La parte poco agradable toda esta historia es precisamente que, al permitir que los verdaderos artífices de la dictadura y los beneficiarios reales del genocidio se salgan con las suyas, hemos dejado abierta la puerta para que vuelvan. Y volvieron: el actual gobierno de Argentina no es parecido ni tiene relación con el gobierno que tuvo Argentina entre 1976 y 1983. Es rigurosamente el mismo gobierno, pero sin las botas.

Para muestra alcanza con un botón y la familia Macri, cuyo hijo es hoy nada menos que el presidente de la Nación, tenía en marzo de 1976 un total de siete empresas, formando entonces un grupo empresario modesto con características más de pyme que de holding. Al finalizar la dictadura cívico-militar, la pata militar empezó a enfrentar los juicios, mientras la familia Macri pasaba a tener la propiedad de 47 empresas y a ver cómo se multiplicaba geométricamente su patrimonio. Otro tanto ocurrió con otras familias que fueron la pata cívica de la dictadura de 1976 y nunca estuvieron ni cerca de ser procesadas y mucho menos juzgadas por delitos de lesa humanidad.

Torturar y desaparecer personas, apropiarse de recién nacidos e imponer el terror son crímenes de lesa humanidad, sin lugar a dudas. El problema es creer que llevan a cabo esos crímenes solo los que los ejecutan en el terreno. Al creer que eso es así, lo que hicimos fue dejar pasar y quedar en libertad a los verdaderos genocidas, a los que se beneficiaron del genocidio para realizar el plan para el que el genocidio en sí fue una herramienta.

Los hemos dejado libres y concentramos nuestra sed de justicia en los militares, en las botas. Nos equivocamos. Los condenados por crímenes de lesa humanidad debieron haber sido varios miles, entre los que la mayoría debió ser de empresarios, dirigentes políticos, jueces, fiscales, diplomáticos y demás ladrones y asesinos de guante blanco, además de los militares. Nos equivocamos, no lo hicimos. Ellos esperaron y juntaron fuerzas. En el 2015 volvieron y ahí están, haciendo otro genocidio —este por goteo— para posibilitar un nuevo ciclo de saqueo contra el pueblo-nación argentino.

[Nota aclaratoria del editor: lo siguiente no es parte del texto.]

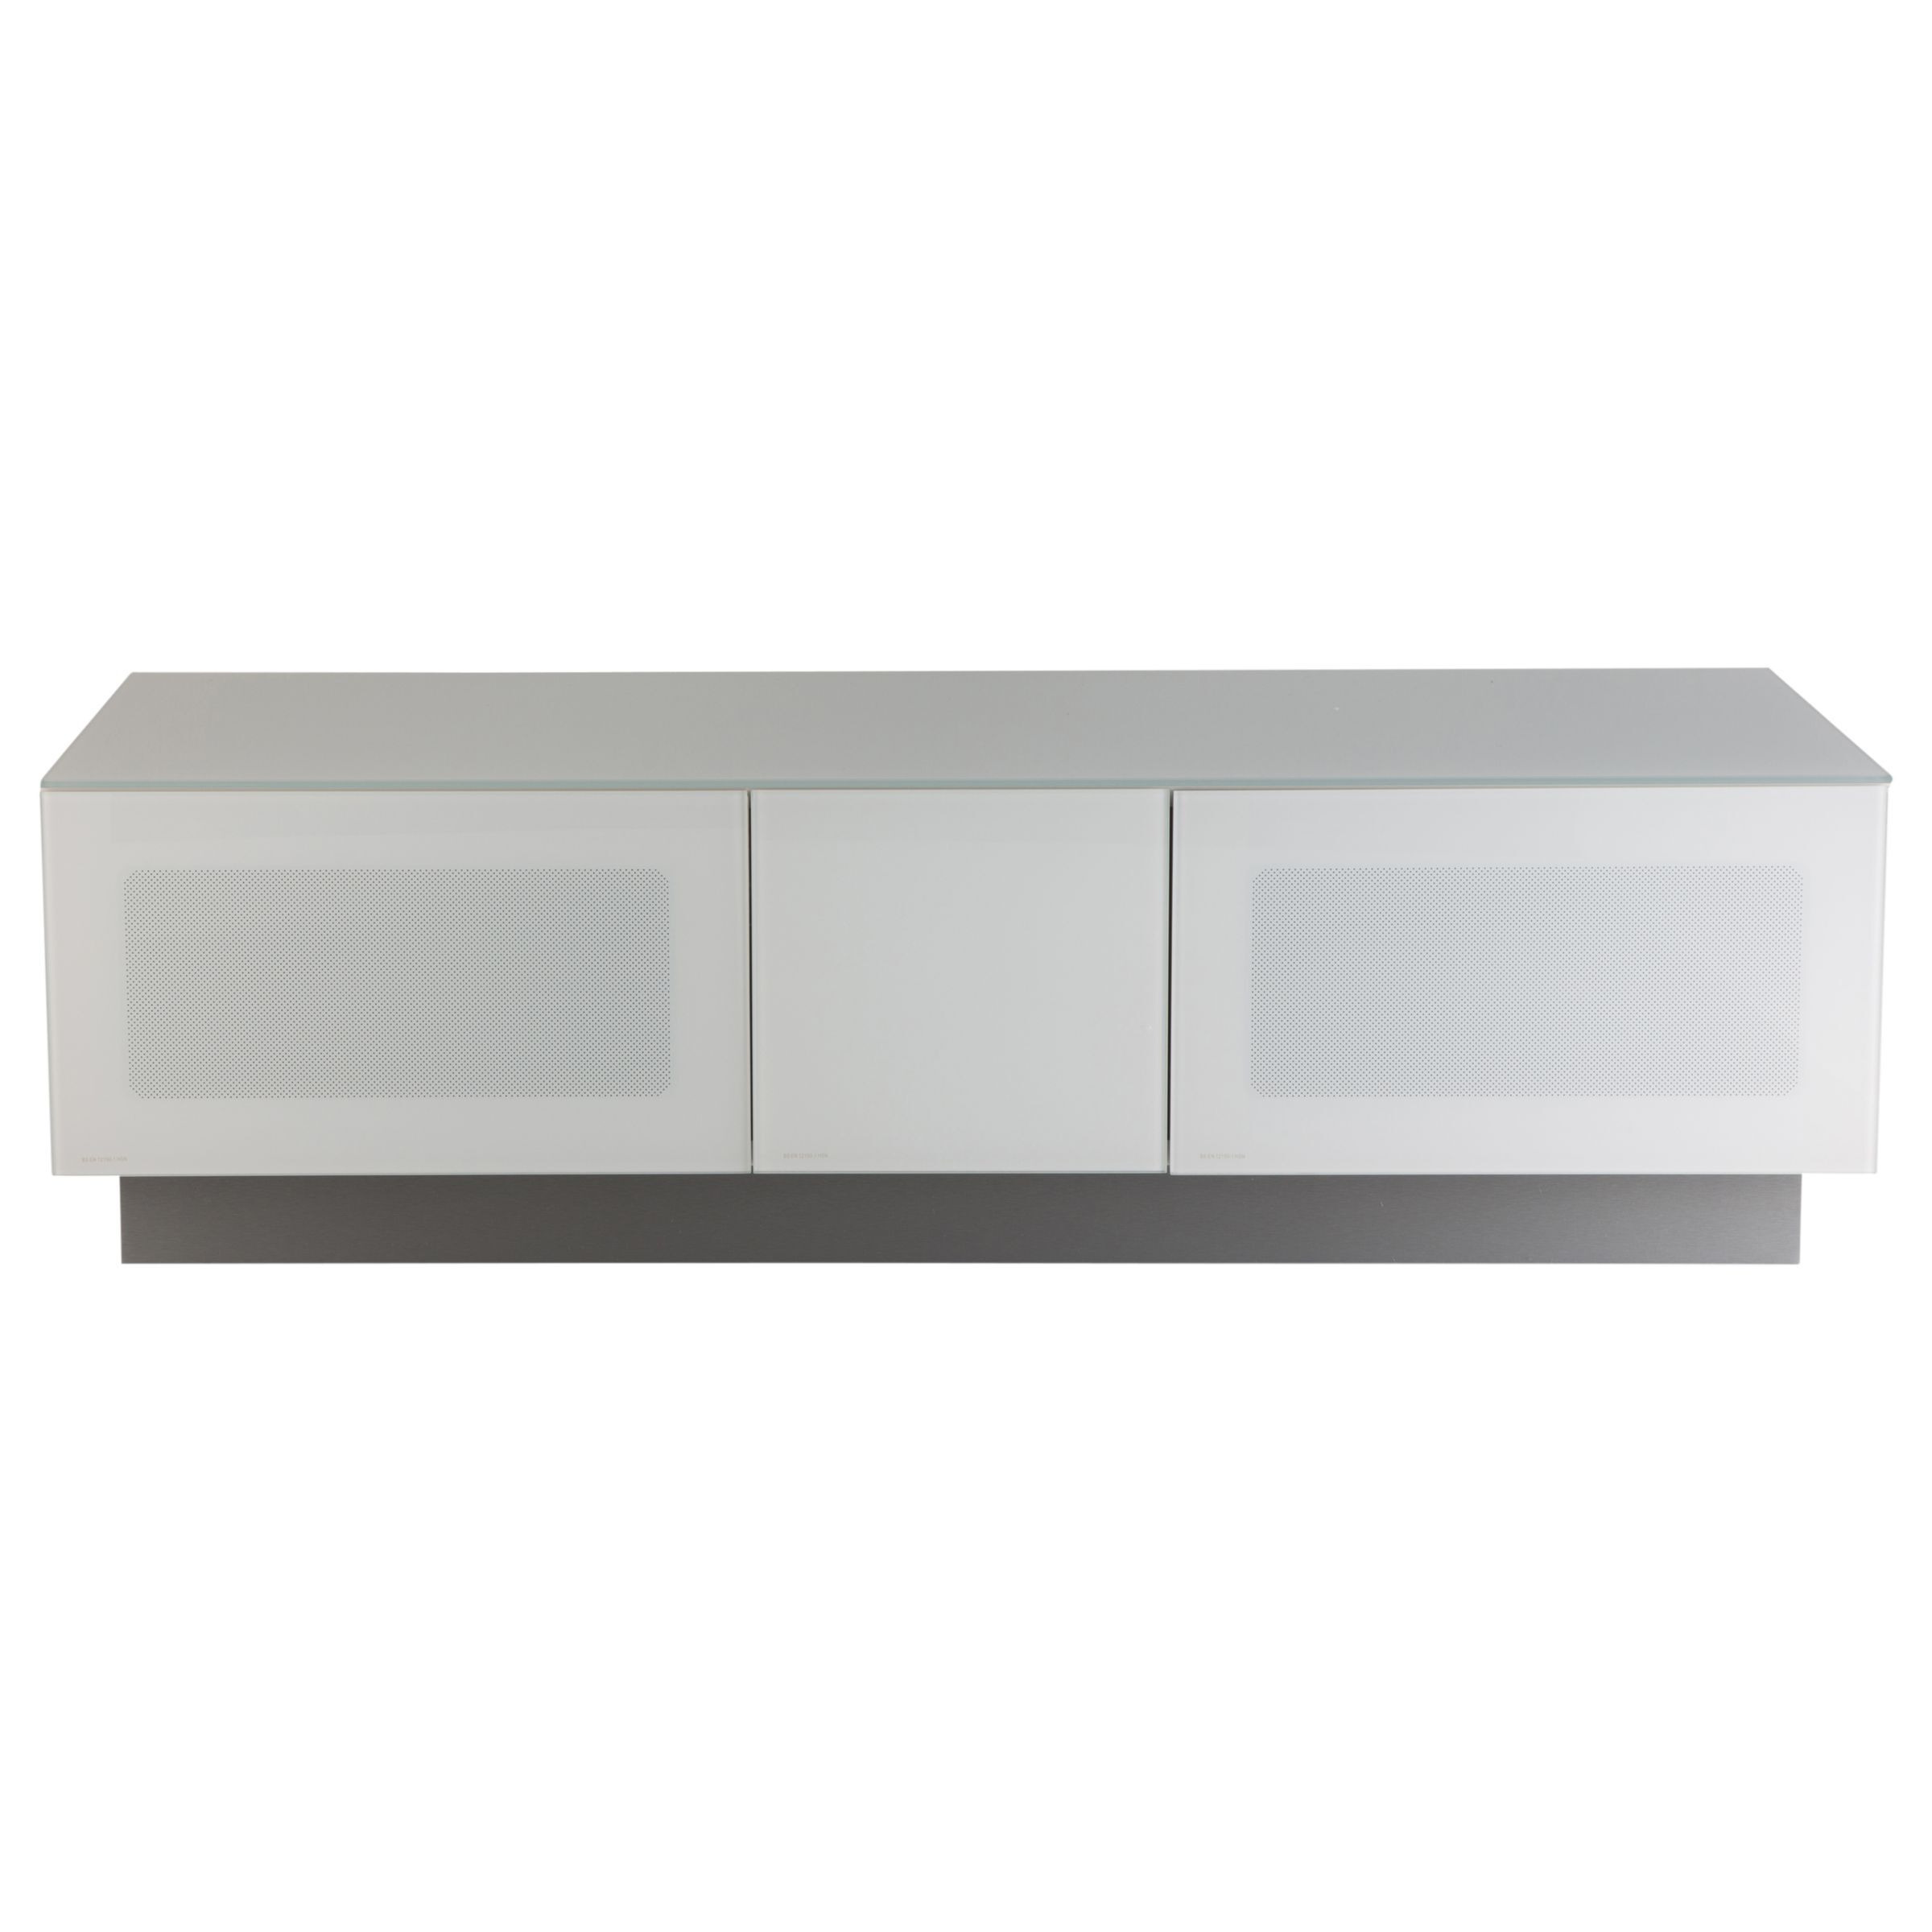 "Alphason Element Modular 1250mm TV Stand For TVs Up To 60""" - image 1

El tirón de orejas no es gratis y el atento lector sabrá entenderlo. El tirón de orejas es porque habrá otro 1983 y otra vez estaremos en condiciones de darles juicio y castigo a los culpables de crímenes de lesa humanidad. Ahora no habrá botas ni uniformes y al comienzo va a parecer raro. “Pero si no tenían grupos de tareas”, “no secuestraron ni torturaron como los milicos”, pensaremos. Pero si lo pensamos bien, veremos que ningún crimen o delito de lesa humanidad pudo ni puede ser posible si no están ellos, los civiles, los que siempre se salen con la suya y aparecen frente a la sociedad como si no tuvieran las manos manchadas en sangre. Pero las tienen y nosotros vamos a tener la oportunidad de hacer con ellos lo que ya hicimos con sus socios de uniforme y botas: Memoria, verdad y justicia. Juicio y castigo sin olvido.

Si fallamos esta vez, será solo una cuestión de tiempo para que vuelvan con una nueva forma de golpe y una nueva forma de dictadura. Para que vuelvan con el genocidio que es su modus operandi. Los argentinos fuimos capaces de hacer lo que los alemanes no quisieron y los españoles no se animaron, podemos hacerlo otra vez. No fallemos.